As for patches tearing apart I had a GPR that would do that. I did some hand lapping with some J-B compound. Many strokes. And that solved the problem. Sometimes if your patches are burning its just that your patches are too dry. Tearing is likely either burrs in the corners or on the lands of the rifling. |
First off, what do your patches look like after they are shot??? Put a tarp, 20 feet or so in front of your muzzle and look at the patches, if they look like they can be shot again then your gun should group well without an over the powder wad and the correct powder charge...
An over the powder wad is typically used to hid another problem that is going on...The most common reasons for patch shredding or tearing are a sharp crown, sharp rifling, using something other than real black powder, patches that are too thin, too small a ball, a pitted or a rough bore, patches not made of linen or cotton, old patches that are lubed so the fibers have broken down or an excessive powder charge.... By putting a wad, patch or hornets nesting over the powder the gun might shoot better but you have not corrected the problem... Find the real problem and you won't need the wad... ;) |
I agree. A wad is a band-aid.
|
Your rifle will answer that. Some rifles shoot better with a wad and some with out. Also the brand of powder you shoot makes a difference. I find that when I shoot T-7 with PRB, a wad increases accuracy because it protects the patch. T-7 can tend to eat patches in rifles. The wad gives it and you that little extra add.
Before you try the wad, remember the load of powder might need to be adjusted too. With a wad I tend to shoot 5 grains more powder then with out. But all rifles are different. If you have no wads, just take some old T shirt. Tear off a strip and push that down on top of the powder, then set your patch and ball. Old timers used to also use Corn Meal. 20 grains of Corn Meal poured on top of the powder, then the patch and ball also protect the patch. Mountain Men they claim also used paper wasp hive. I actually tried that once. It was fun to try, but made no difference. So all you can do is try.

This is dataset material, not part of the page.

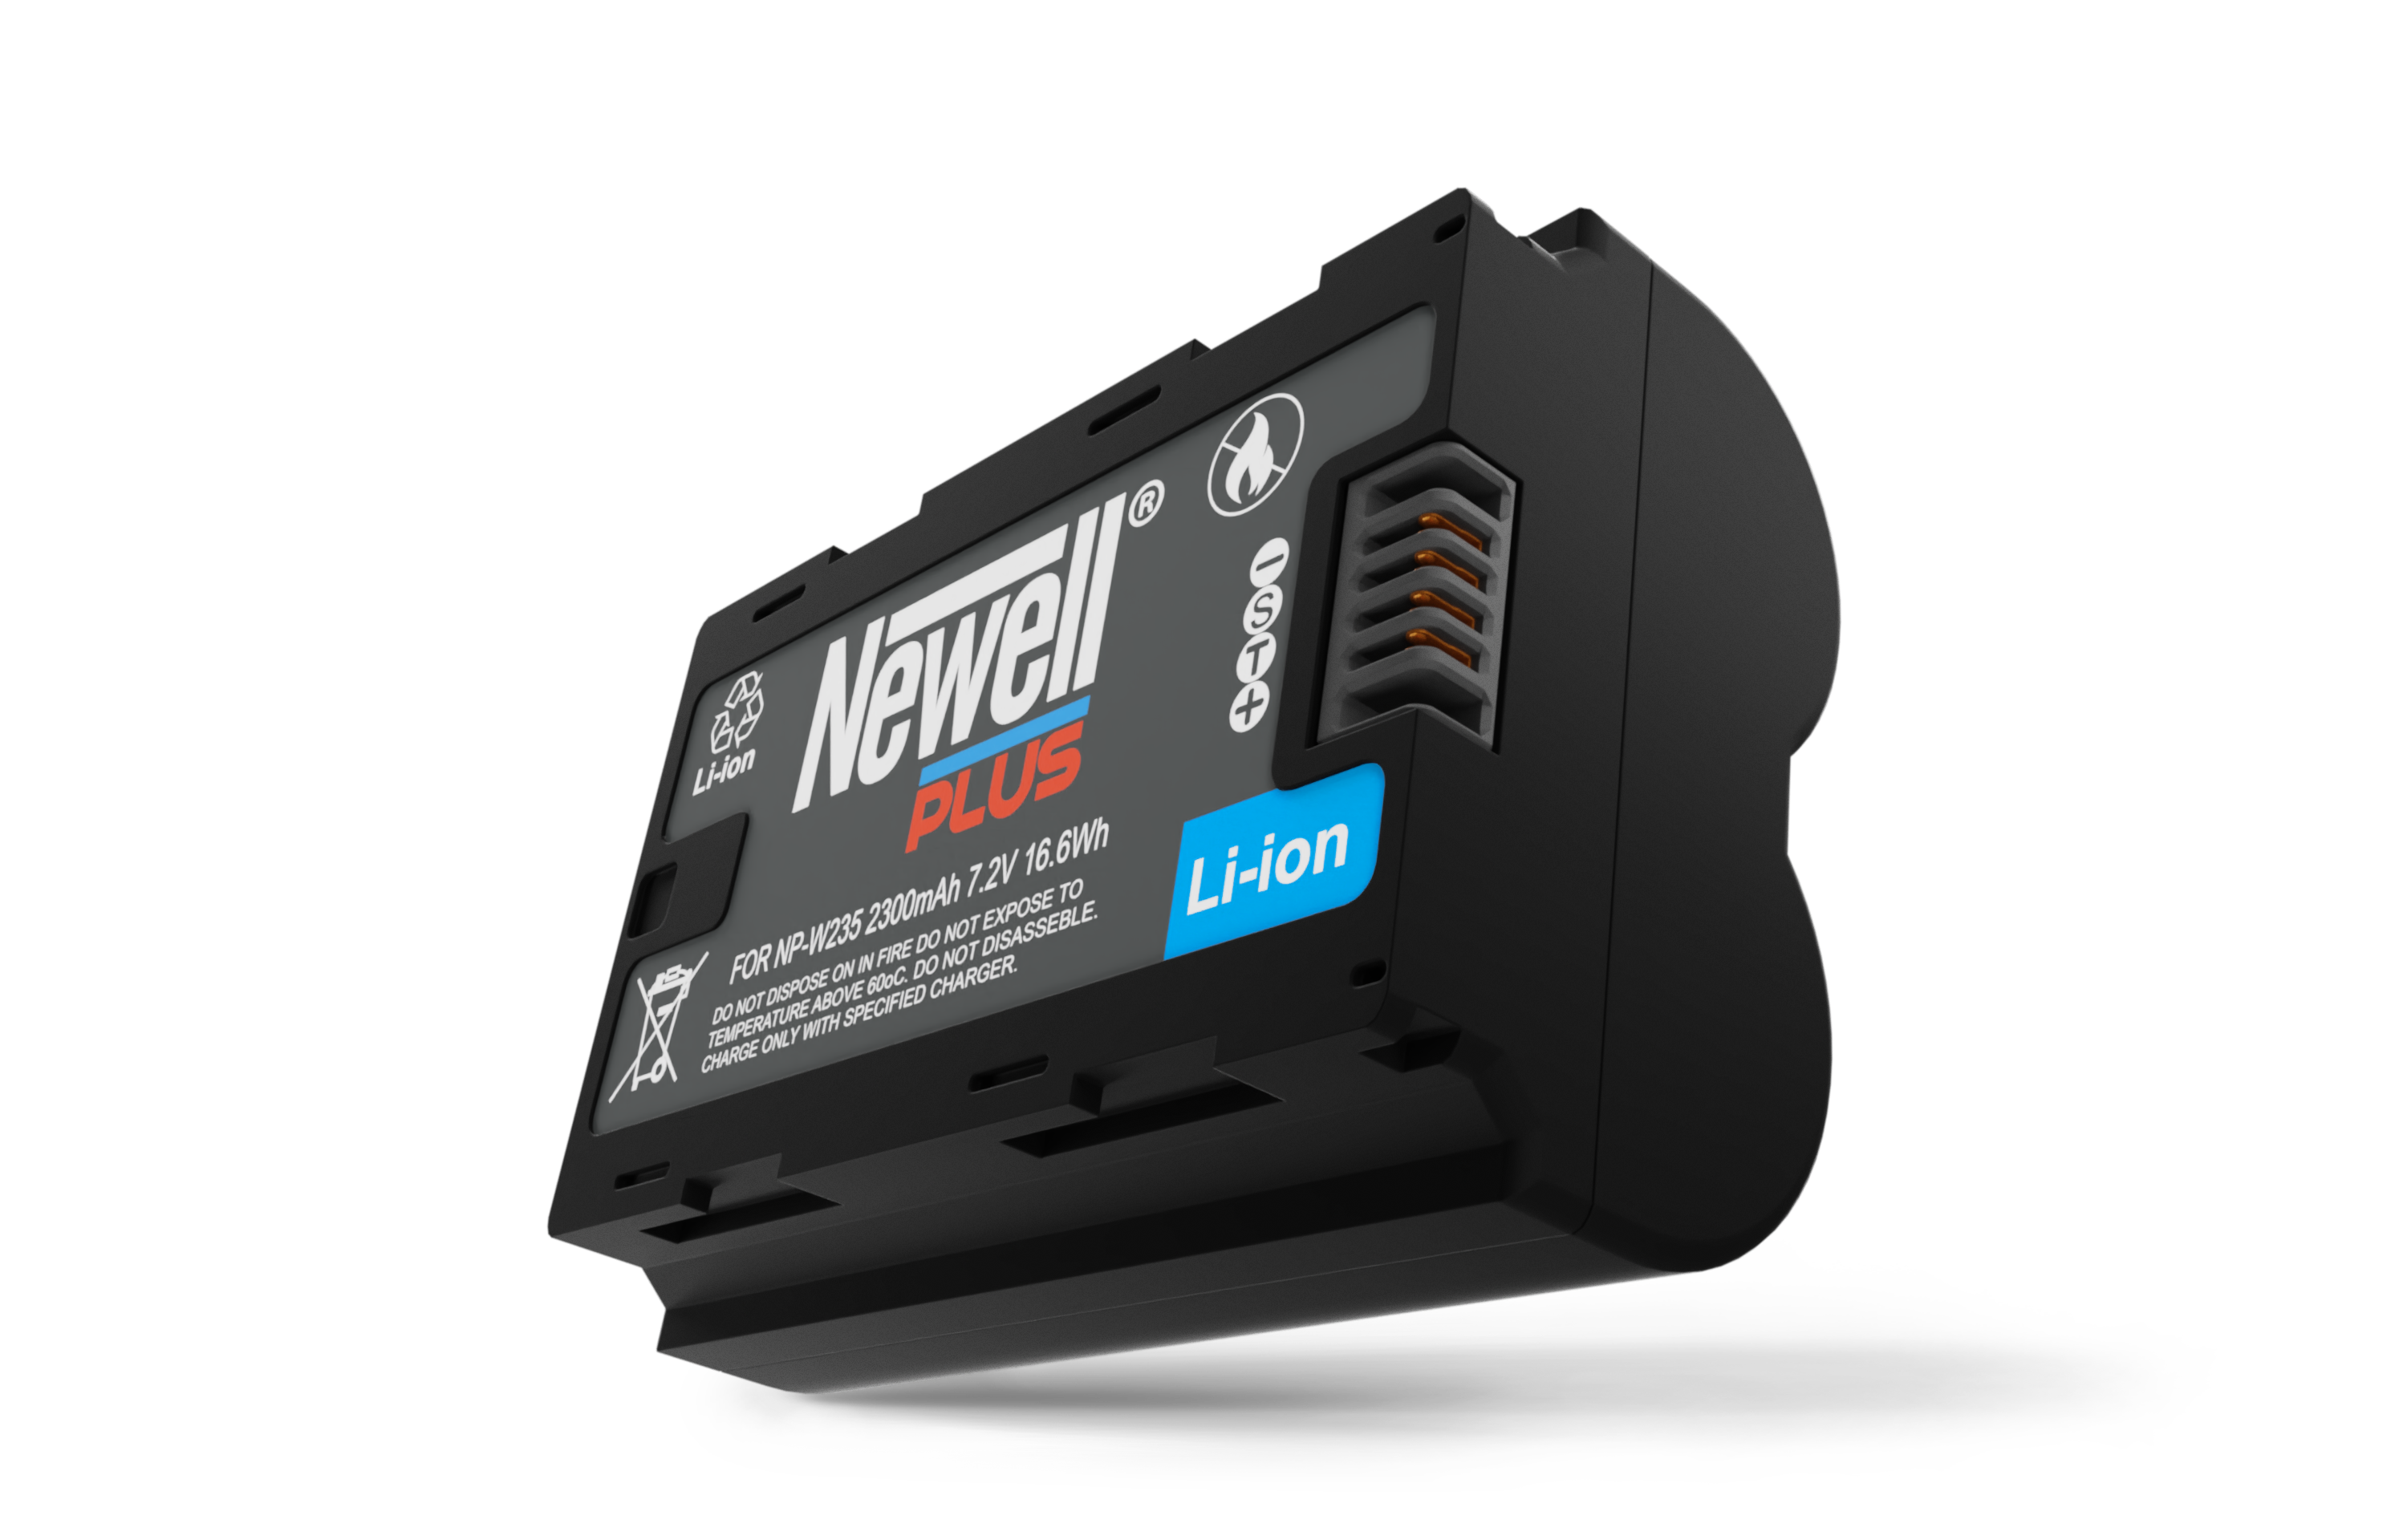 Batterie Newell PLUS NP-W235
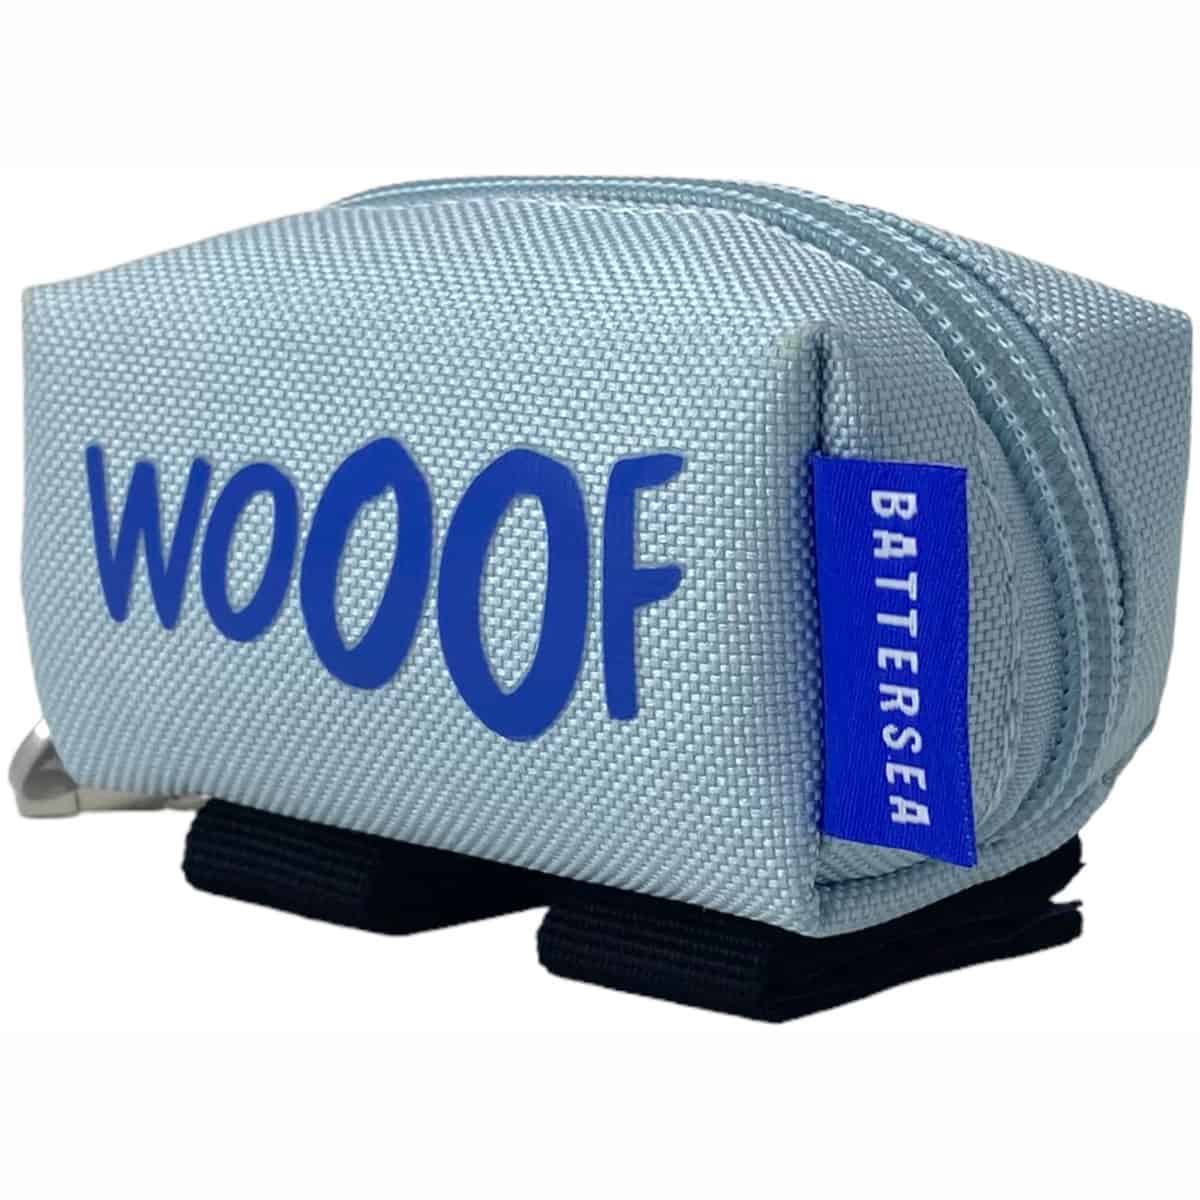 The Battersea Poop Bag Holder: Lightweight & portable, elevate your strolls with the convenience of the Battersea Poop Bag Holder - branding

And let us know your results. |
Originally Posted by nchawkeye
(Post 4241219)
First off, what do your patches look like after they are shot??? Put a tarp, 20 feet or so in front of your muzzle and look at the patches, if they look like they can be shot again then your gun should group well without an over the powder wad and the correct powder charge...
An over the powder wad is typically used to hid another problem that is going on...The most common reasons for patch shredding or tearing are a sharp crown, sharp rifling, using something other than real black powder, patches that are too thin, too small a ball, a pitted or a rough bore, patches not made of linen or cotton, old patches that are lubed so the fibers have broken down or an excessive powder charge.... By putting a wad, patch or hornets nesting over the powder the gun might shoot better but you have not corrected the problem... Find the real problem and you won't need the wad... ;) I have used felt over powder wads when shooting conicals for a number of years for improved accuracy but never subscribed to that for a PRB. The only time I tried it was one time I was getting burn through on my patch so my first thought was that I needed a little more lube. After still getting burnt through patches with a greasier patch, I then suspected too thin of patch material or not a tight enough weave to the material. I tried a few shots with a wad and the same patching without the excess lube and got no burn through so my suspicions were confirmed that it was improper patch material to begin with. I have heard of some using a dry felt or fiber wad between powder and patch to keep lube from contaminating a portion of the powder charge if the rifle is going to remain loaded for a lengthy period of time while hunting, but I don't follow that practice. If you're getting shredded patches with good patch material it's usually a sign of burrs at the crown or on the edges of the lands. Otherwise it's probably just poor patch material that doesn't have a good tight weave, same as with burnt through patches. And I always inspect my shot patches when I shoot. No matter if I know they're made from good material. BPS |
OK: Thanks for the info. My patches are fine; no holes; shredding and only are slightly blackened. Probably could use them again but I never do. I was just trying to see if I could get a little better accuracy.
|
Originally Posted by zeek99
(Post 4241321)
OK: Thanks for the info. My patches are fine; no holes; shredding and only are slightly blackened. Probably could use them again but I never do. I was just trying to see if I could get a little better accuracy.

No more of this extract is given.